すずめの戸締まり(4.0) | 想像上のLand's berry

想像上のLand's berry

言葉はデコヒーレンス(記事は公開後の一日程度 逐次改訂しますm(__)m)

『すずめの戸締り』

監督:新海誠

感想(※多少ネタバレします)
 「セカイ系」(エヴァっぽい作品)の旗手だった新海さんがジブリ風の作品に挑戦し、そして失敗した『星を追う子ども』。奇しくも2011年の作品だ。あれから11年、『すずめの戸締り』でリベンジに挑戦している。『耳をすませば』『魔女の宅急便』は実際に言及されるし、『もののけ姫』『千と千尋の神隠し』『ハウルの動く城』なんかの要素も感じ取れる。

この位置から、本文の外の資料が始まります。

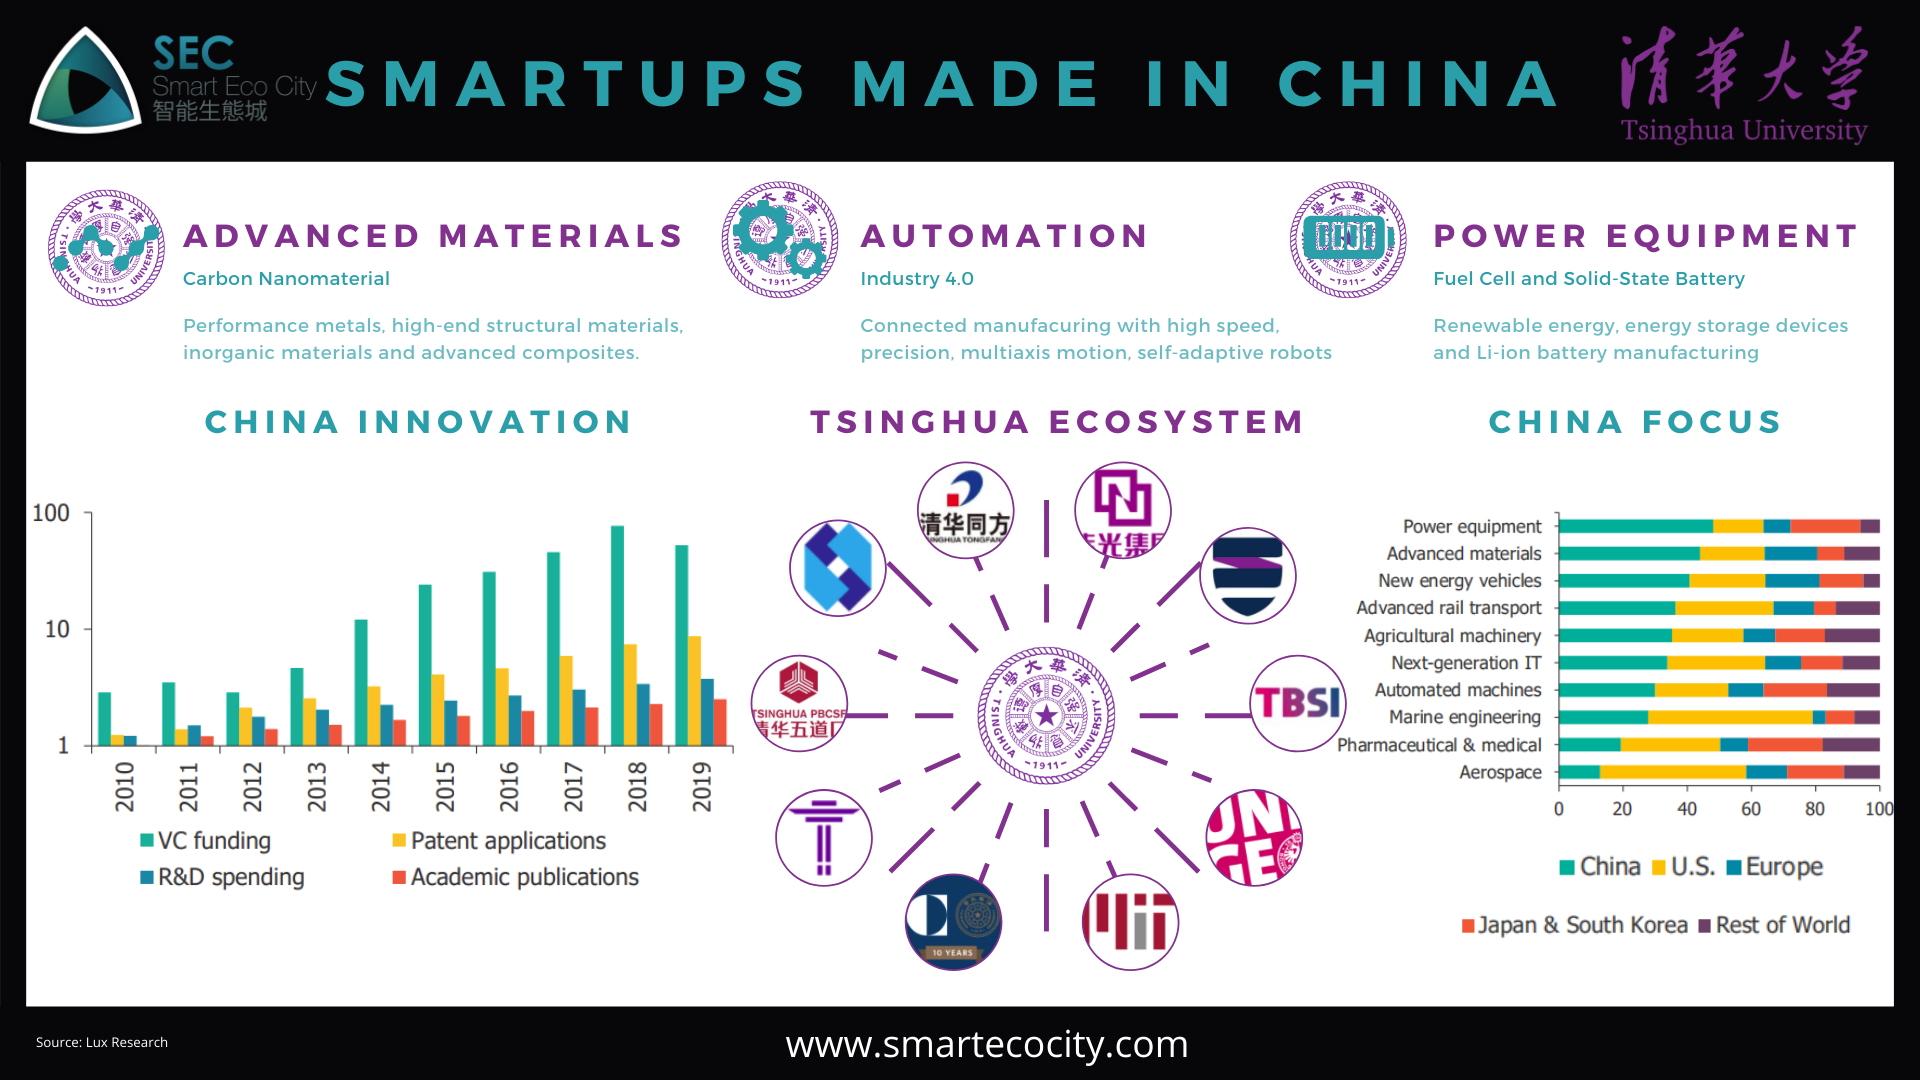 SEC_Tsinghua_Smartups made in China

 そして、このリベンジは半ば成功しているように思える。新海さんは人の意見をよく聞く人なんだろうね。設定も曖昧で説得力に欠けたファンタジー世界での冒険が主だった『星を追う子ども』と比べて、『すずめの戸締り』で舞台となるのは主として現実世界だ。そのことで作品世界に具体性が持ち込まれ、『星を追う子ども』の欠点を克服している。

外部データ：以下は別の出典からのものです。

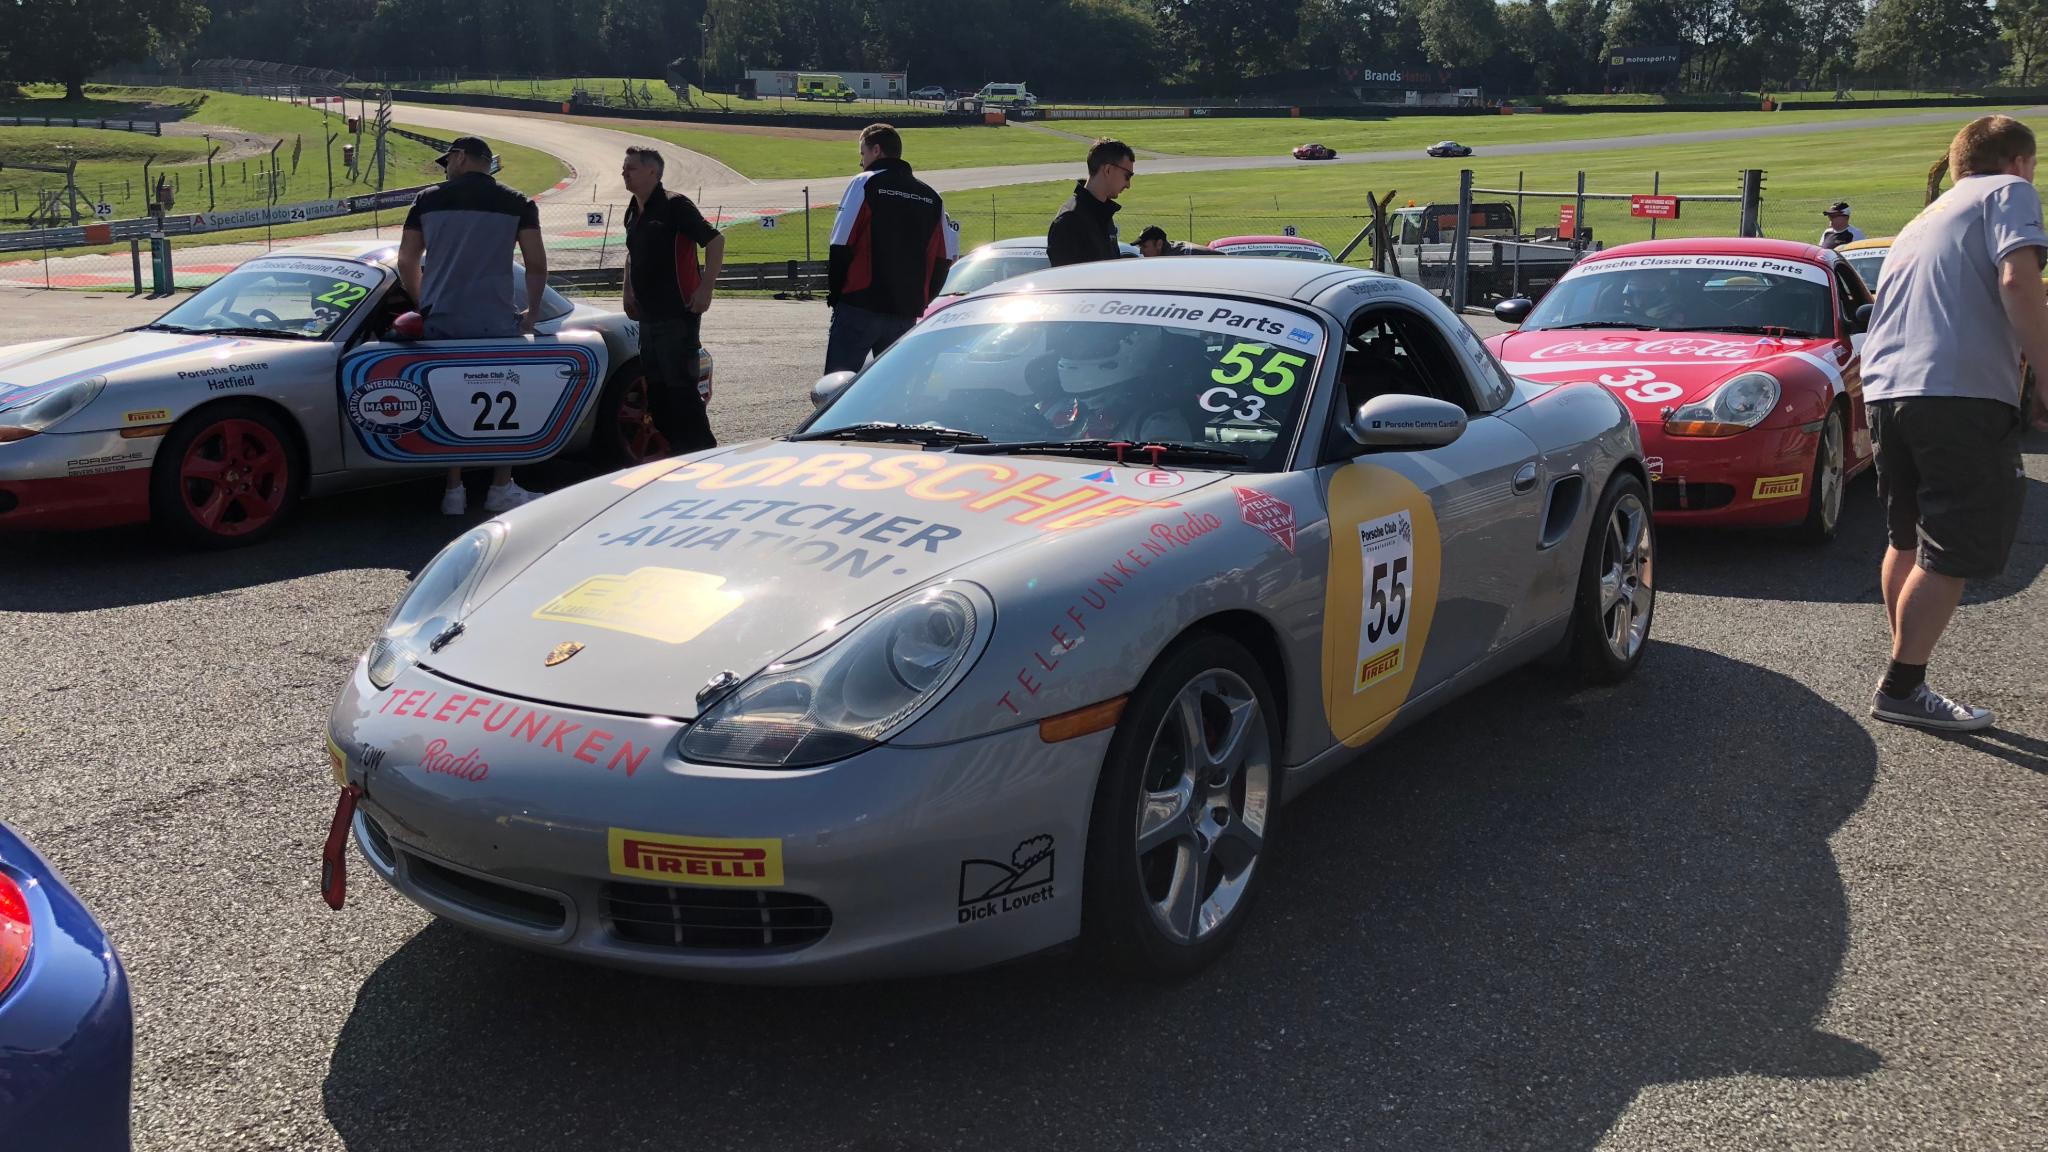 Porsche Centre Cardiff (1)

 現実世界の(美化された)風景描写は新海さんの十八番でもある。とくに下り道のカーブからの眺望は好きだった。道中の出来事なんかも丁寧に描かれてるし、震災を絡めたストーリーテリングも今作はこなれた感がある。新海さんがだしがちな単にイヤなだけのやつも今作では基本的に出てこない。そういう意味ではクオリティが高い作品だとも言える。

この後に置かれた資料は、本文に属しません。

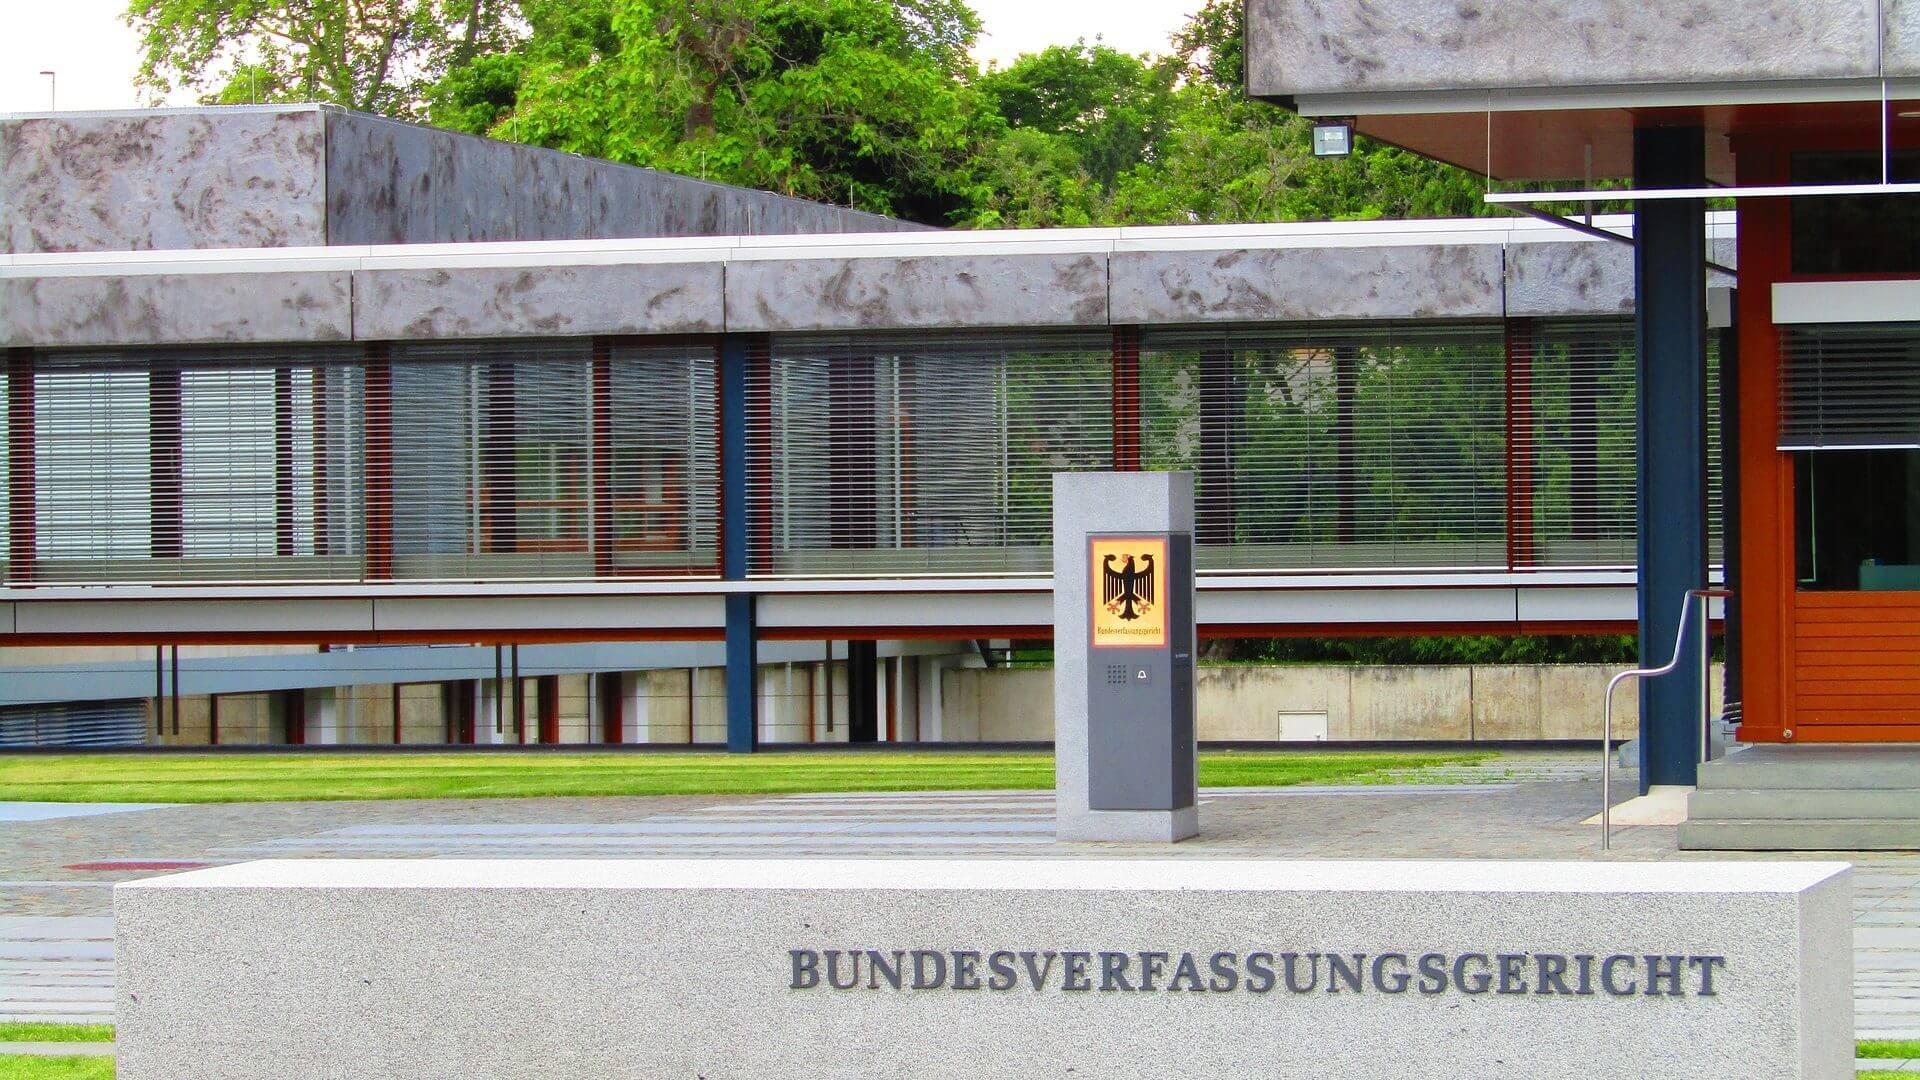 Bundesverfassungsgericht Udo Pohlmann Pixabay

 ただ、いまいちノレない部分もあって。(以下反転)主人公が彼と出会ってから作中であまり時間が経過しないから、強い結びつきになるところが納得しづらい。あれだったら学校の先輩でいつも眺めていたって設定とかでも良かったと思う。

 もうひとつ。これは割と致命的に思える部分で、ネコ周り、とくにクライマックスの処理がよくない。あれだと主人公たちに都合のいいように動いているように見えてしまう。
そのモヤモヤを引きずっているからラストも感動というには程遠かった。

 前作『天気の子』は粗い部分が(ある程度意図的に)多かったけれど、ラストですべて回収していた(終わり良ければすべて良し)のに対して、この『すずめの戸締り』は道中は丁寧だけれど、ラストでのれない感じになってしまっている。